Redistribute it under another license then? The WTFPL gives you permission to do that, after all.
> A lot of companies distribute unmodified GPL software and have no issue with including the GPL licensing text (and source code) in ways that reaches customers.
It's perfectly doable. But it's nonzero effort and it creates an ongoing obligation (as long as you're going to keep distributing the software, or something like 3 years after if you do the more customer-friendly thing of only distributing the source on request). I'm not surprised that a company would do it, but I'm amazed that a company would consider it less burdensome than the WTFPL.
Yes, writing a new license and just use that would be the better solution, but its in direct contrast to how companies handle software license.
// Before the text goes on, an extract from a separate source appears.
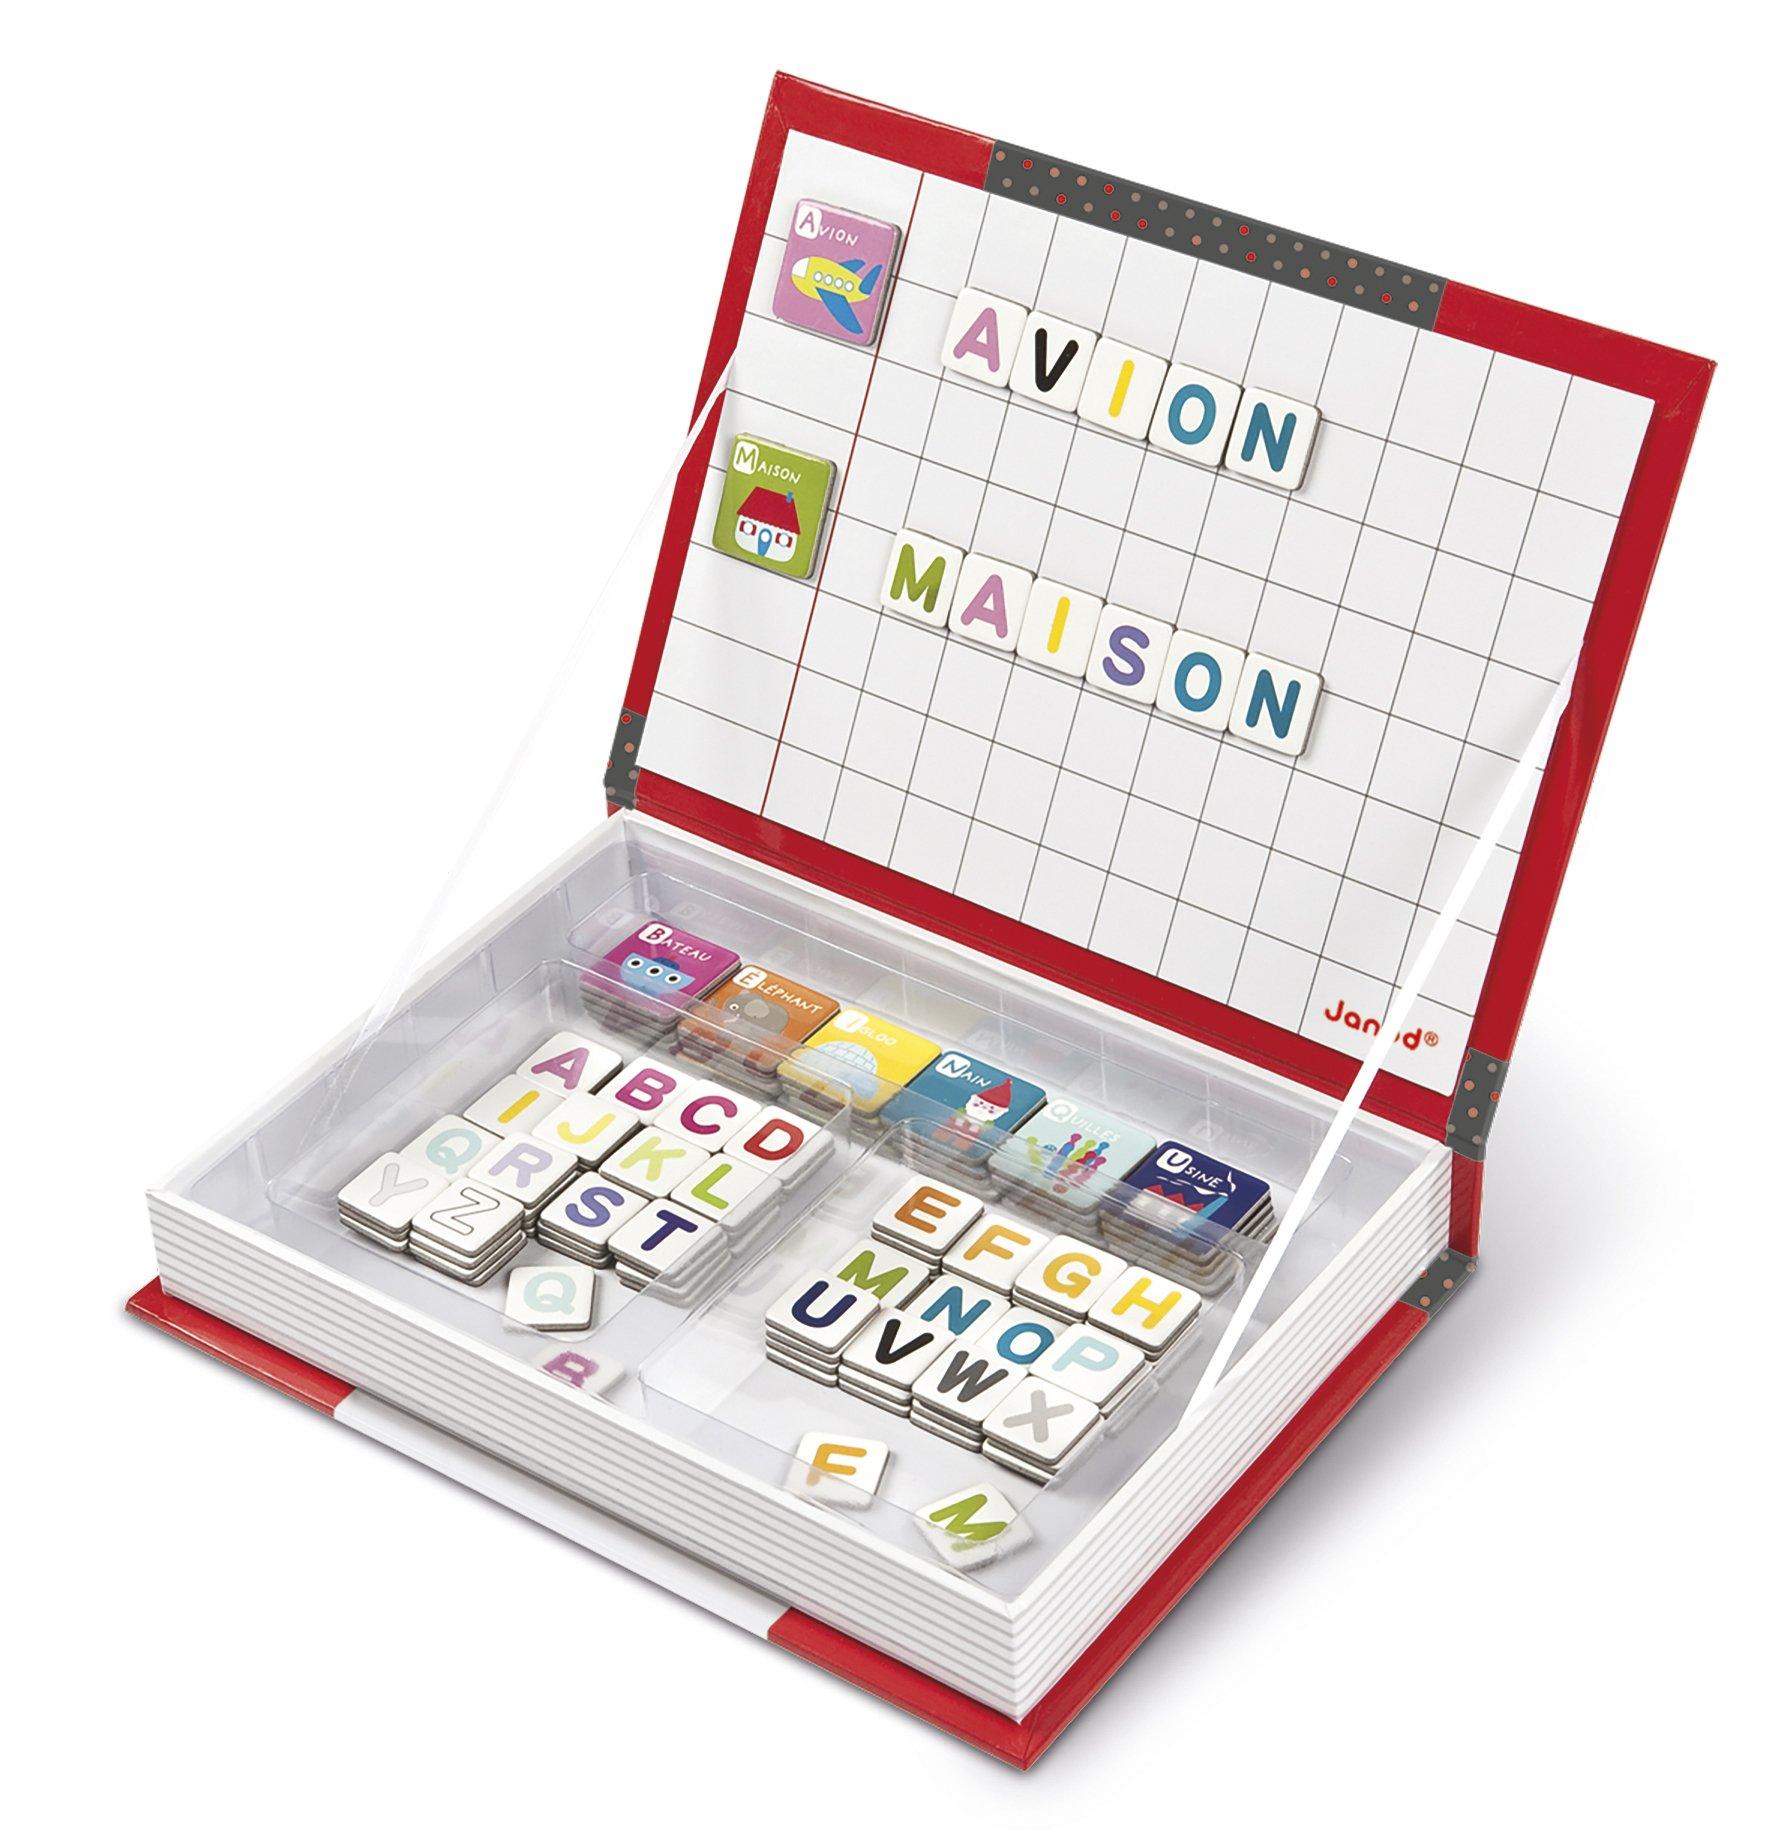 Janod - Magnetibook con alfabeto en francés, libro magnético (J05543) product image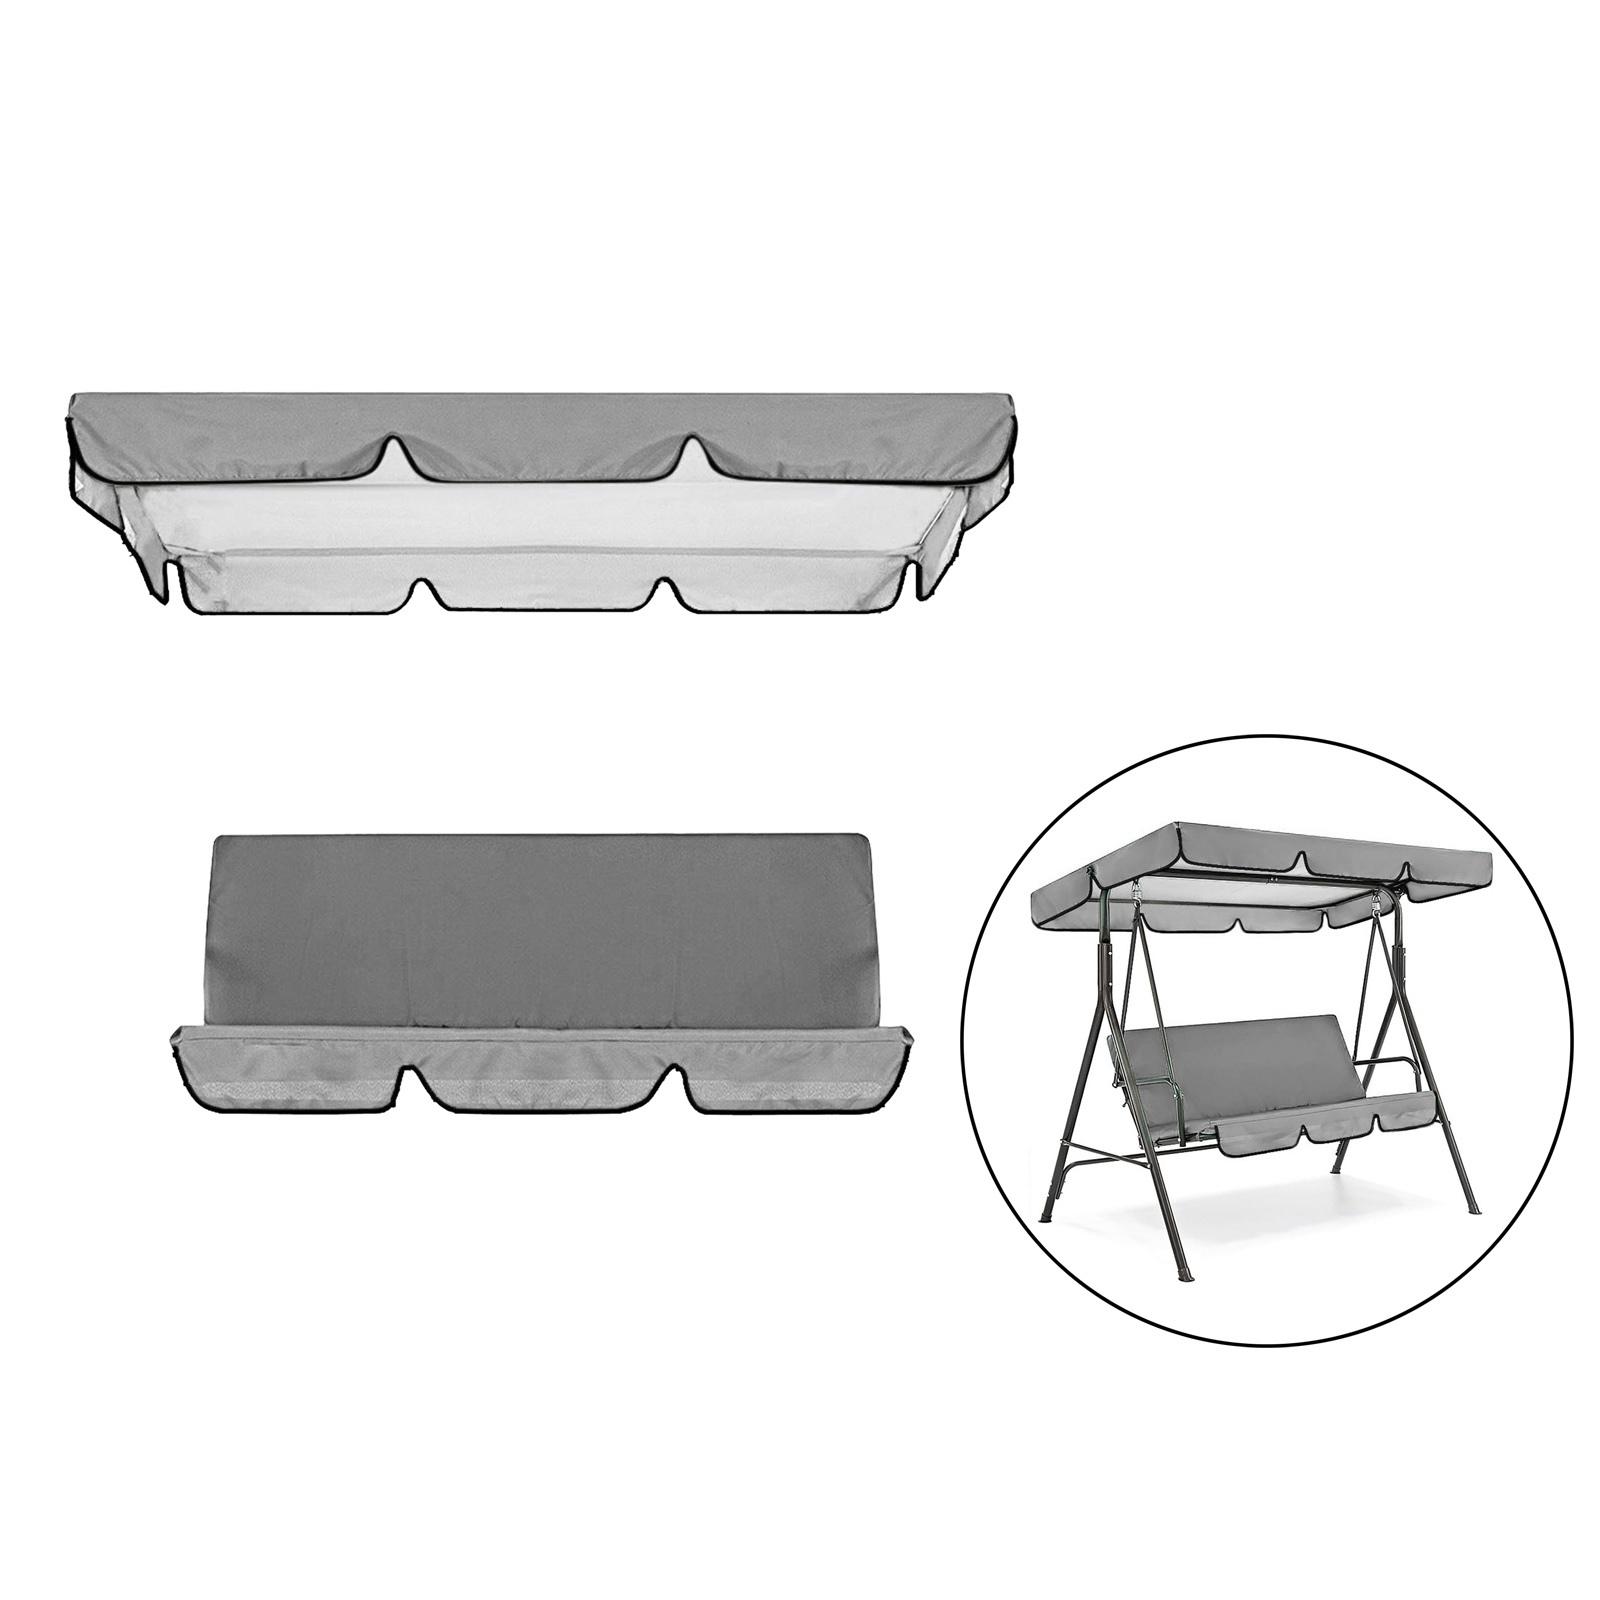 miniatura 31 - Sostituzione della copertura della sedia a dondolo da esterno per patio,

You don't generally take software and then replace the license with your own and pretend that the original license don't exist, even if the license do permits it.
As for the GPL ongoing obligation, I am not sure how many picks the source-on-request method or the subgroup of those that also get a request. Its a fix-it-later issue compared to the more immediate issue of "fuck" appearing in the product.
Just to be a bit clearer on my own opinion, a good company should have no issue of using both licenses. Writing code is costly and time consuming, and a good company should focus on core aspects rather than reinventing programming infrastructure. If the license is compatible with the business model then use it. If its not, ask the author for a exception. If all fails, then and only then waste developers time. In video games I often see software licenses in game credits, and many game studios will use any and all licenses that isn't in direct conflict with the business model, and I assume its because that market is too competitive to not do so. Including LGPLv3 source code on the disk (or offering) isn't a big deal compared to a game shipping a month or two later.
> You don't generally take software and then replace the license with your own and pretend that the original license don't exist, even if the license do permits it.
Sure, it's a slightly unusual thing to do. But I think it's less unusual than what you have to do for GPL compliance.
> As for the GPL ongoing obligation, I am not sure how many picks the source-on-request method or the subgroup of those that also get a request. Its a fix-it-later issue compared to the more immediate issue of "fuck" appearing in the product.
Legal should not be treating it as a fix-it-later issue if they're caring about licensing at all. Distributing GPL code not in compliance with the license is exactly as bad as distributing code you have no license to at all (and opens you up to exactly the same liability, given that the damages for copyright infringement are statutory).
Don't get me wrong, I support the GPL, but license compliance is important and nontrivial. Note that the LGPL is a very different license from the GPL, and much easier to comply with.